** Your assignment **
Output only the lines below from the one holding "Sims 4 Light Blue Hair Female - wide 1" down to the one holding "#Paris #graffiti photo", both end lines included and every picture dropped.

--- Information Enclosed Below ---

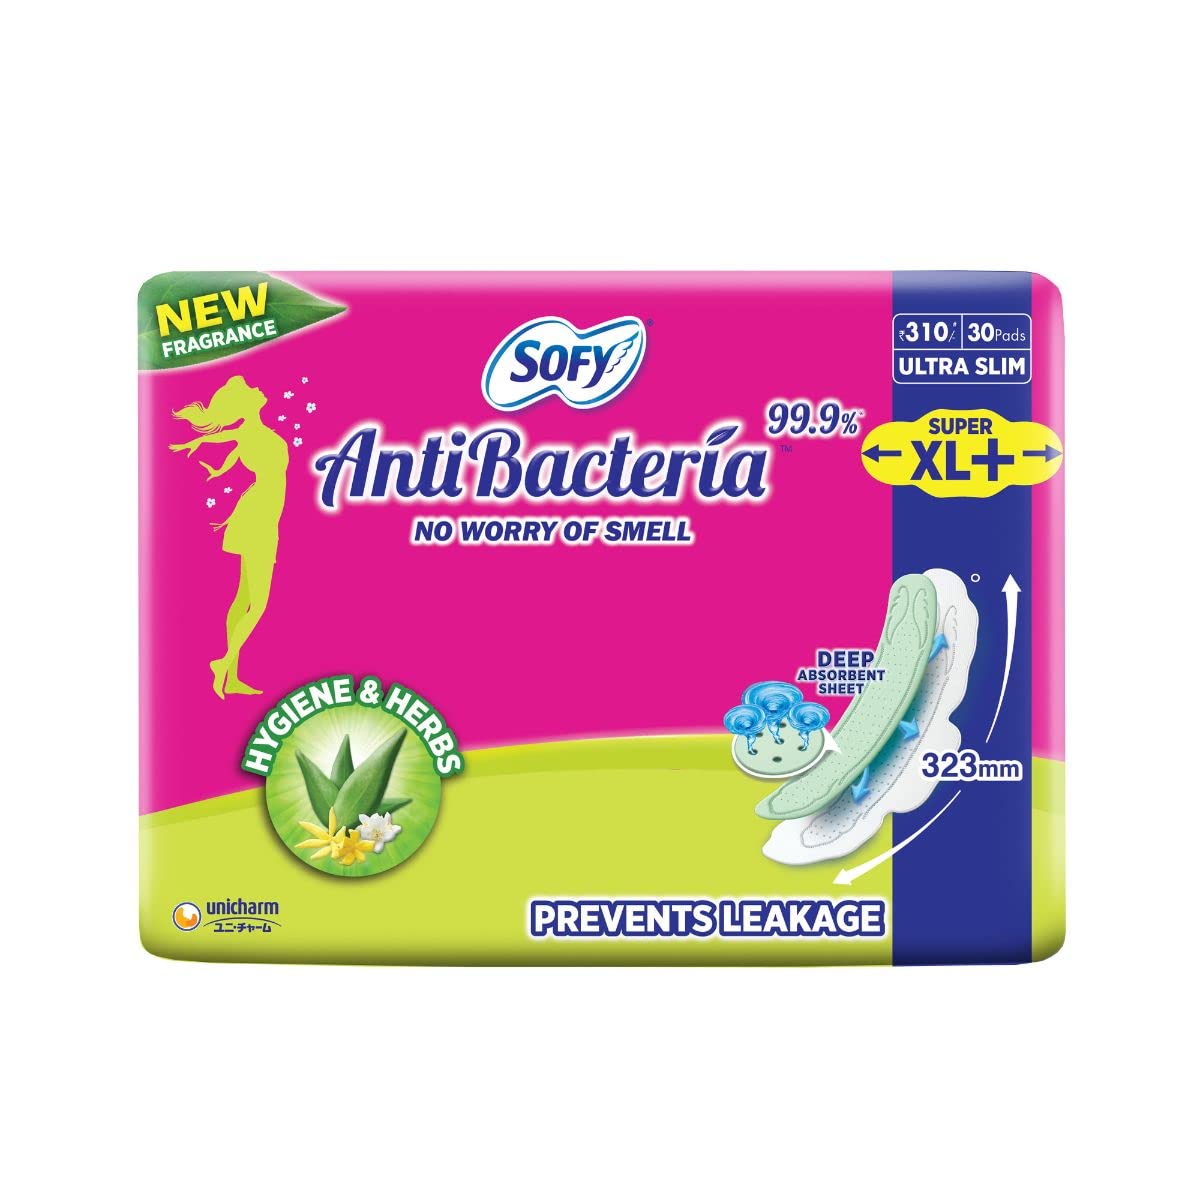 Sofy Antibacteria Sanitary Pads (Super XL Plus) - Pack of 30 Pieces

--- End of Enclosed Information ---
--- Information Enclosed Below ---

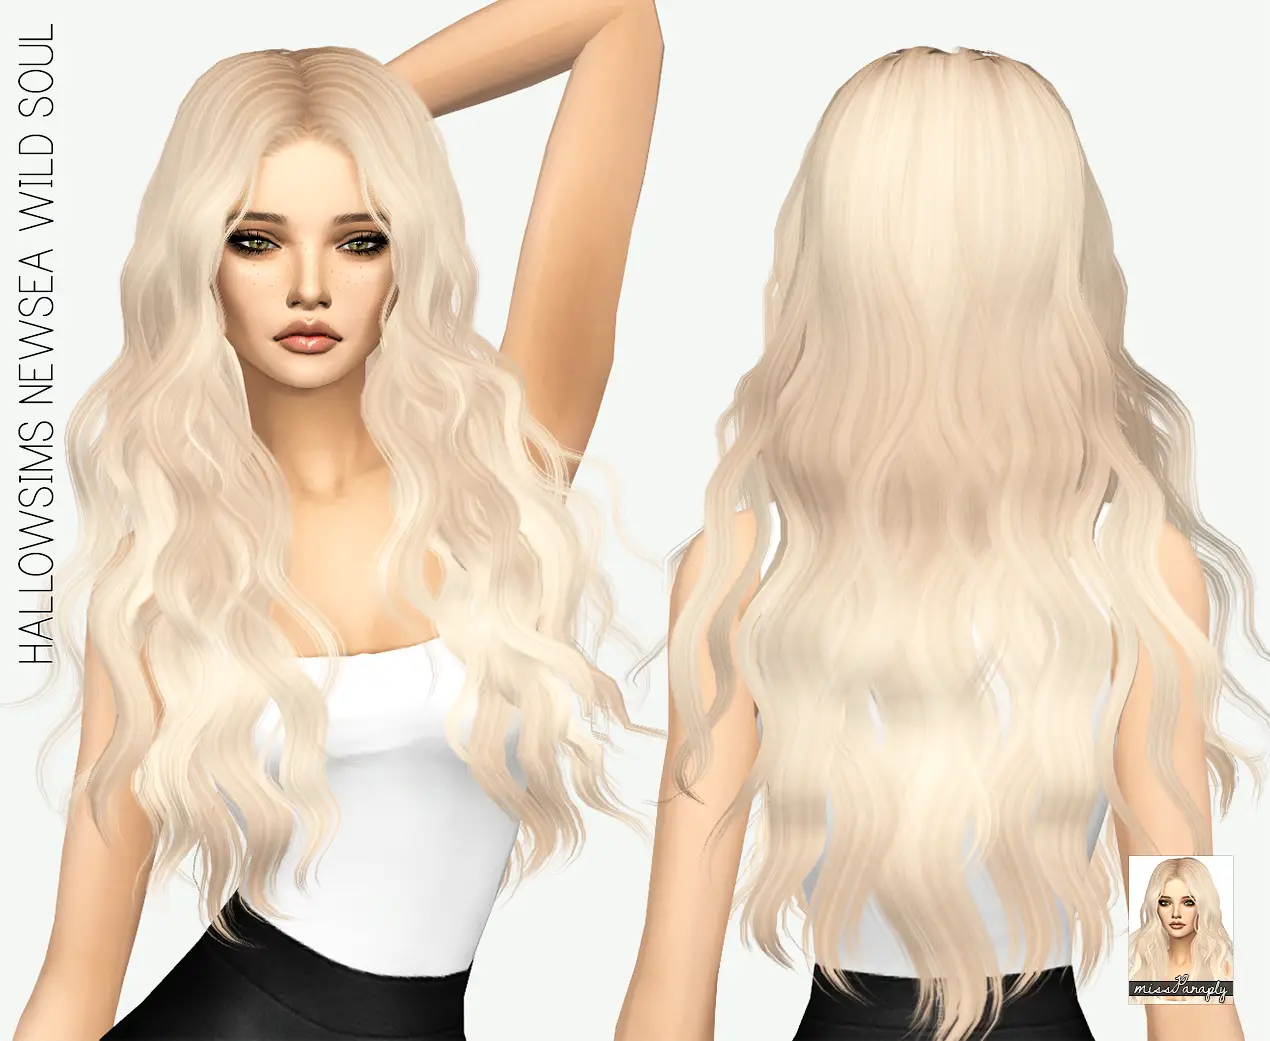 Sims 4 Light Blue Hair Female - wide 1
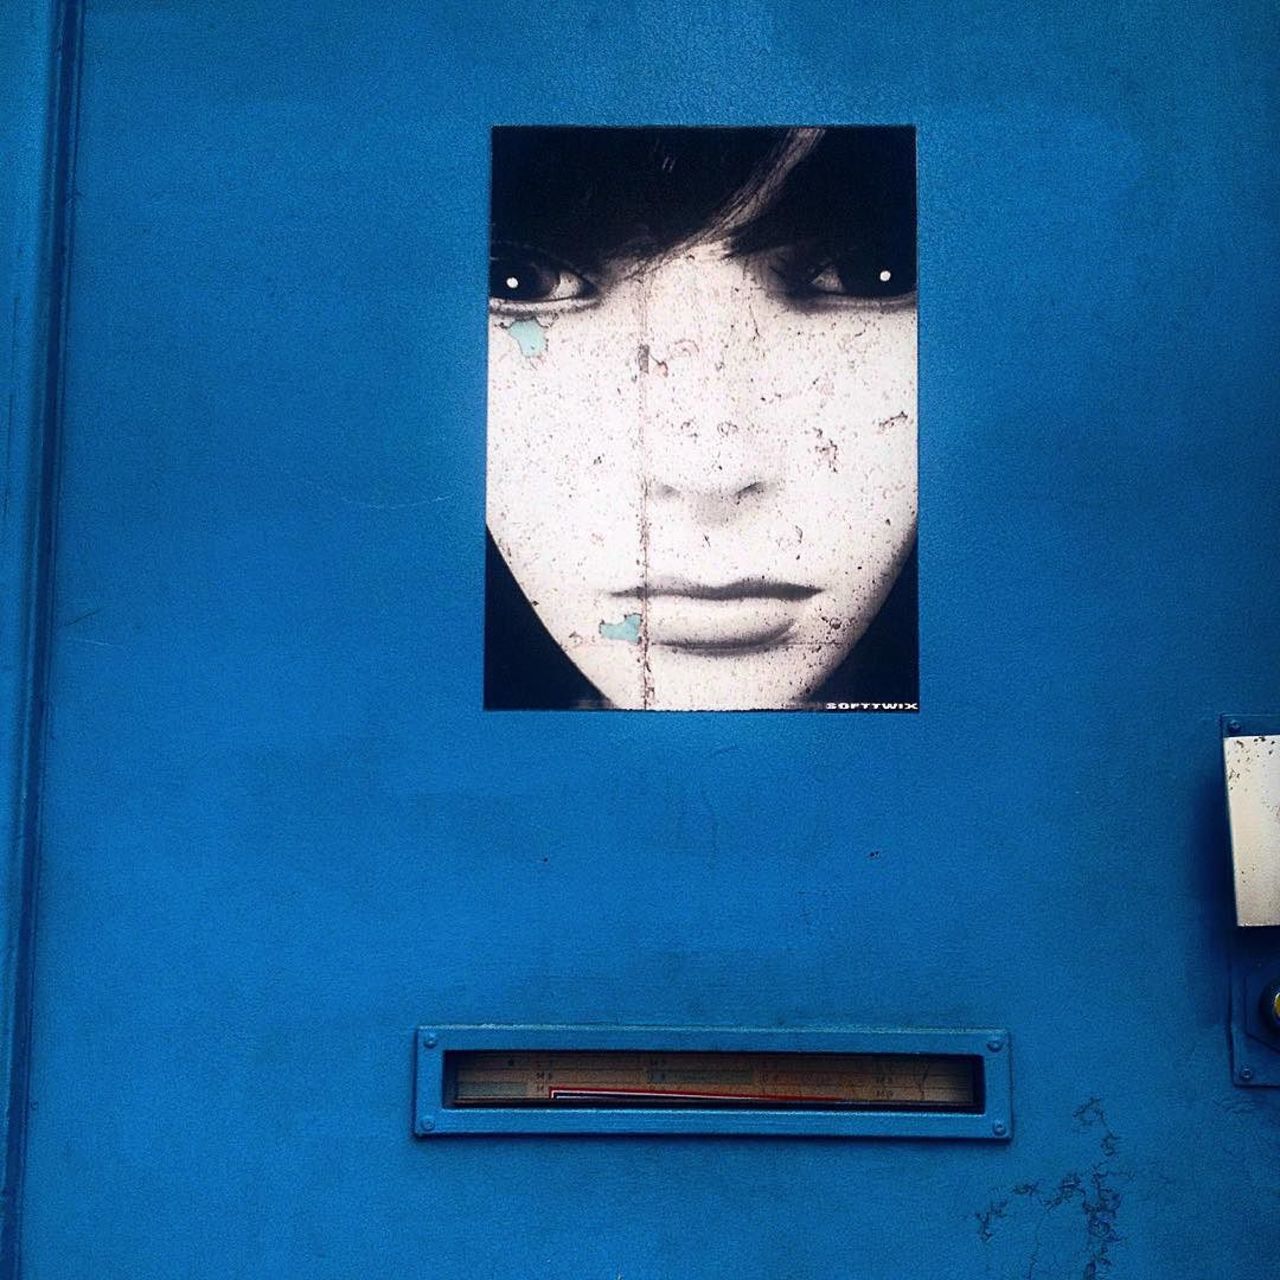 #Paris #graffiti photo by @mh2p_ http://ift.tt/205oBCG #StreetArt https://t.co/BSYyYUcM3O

--- End of Enclosed Information ---
--- Information Enclosed Below ---

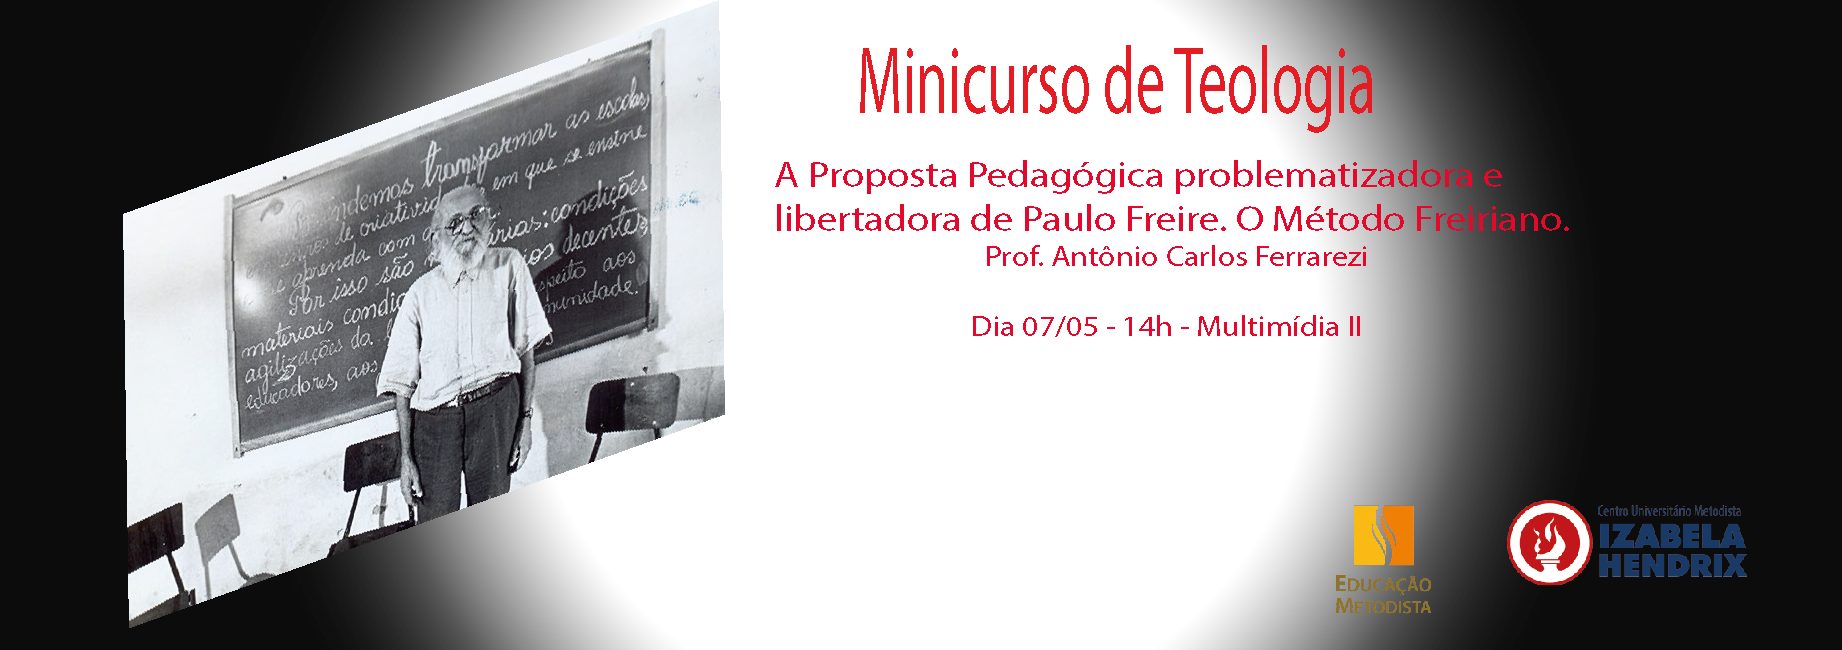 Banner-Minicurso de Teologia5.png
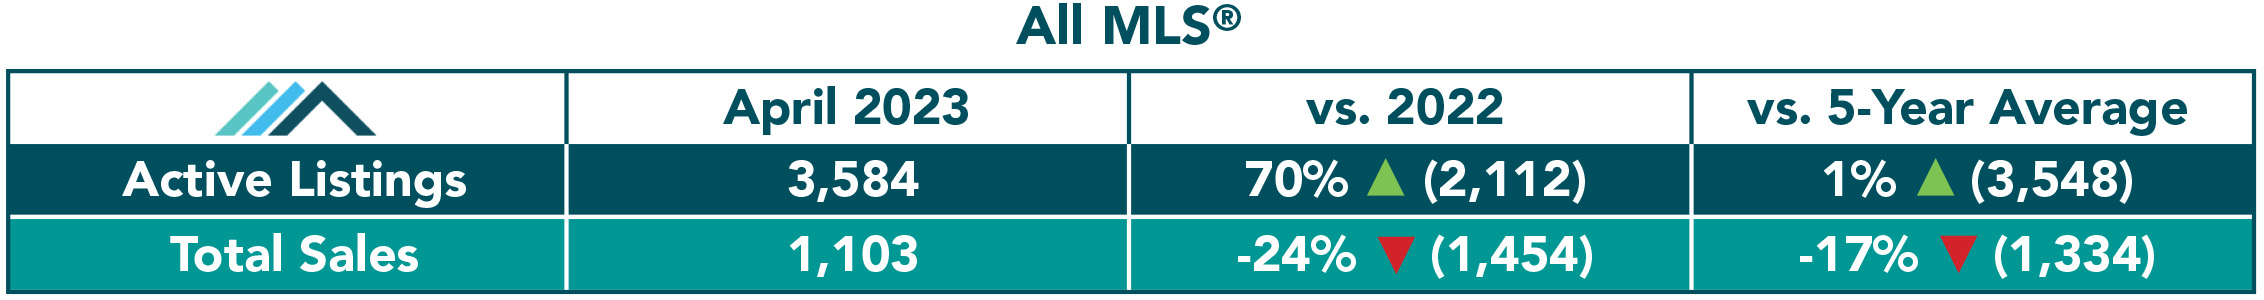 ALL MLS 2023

--- End of Enclosed Information ---

** Task result **
 Sims 4 Light Blue Hair Female - wide 1
 #Paris #graffiti photo by @mh2p_ http://ift.tt/205oBCG #StreetArt https://t.co/BSYyYUcM3O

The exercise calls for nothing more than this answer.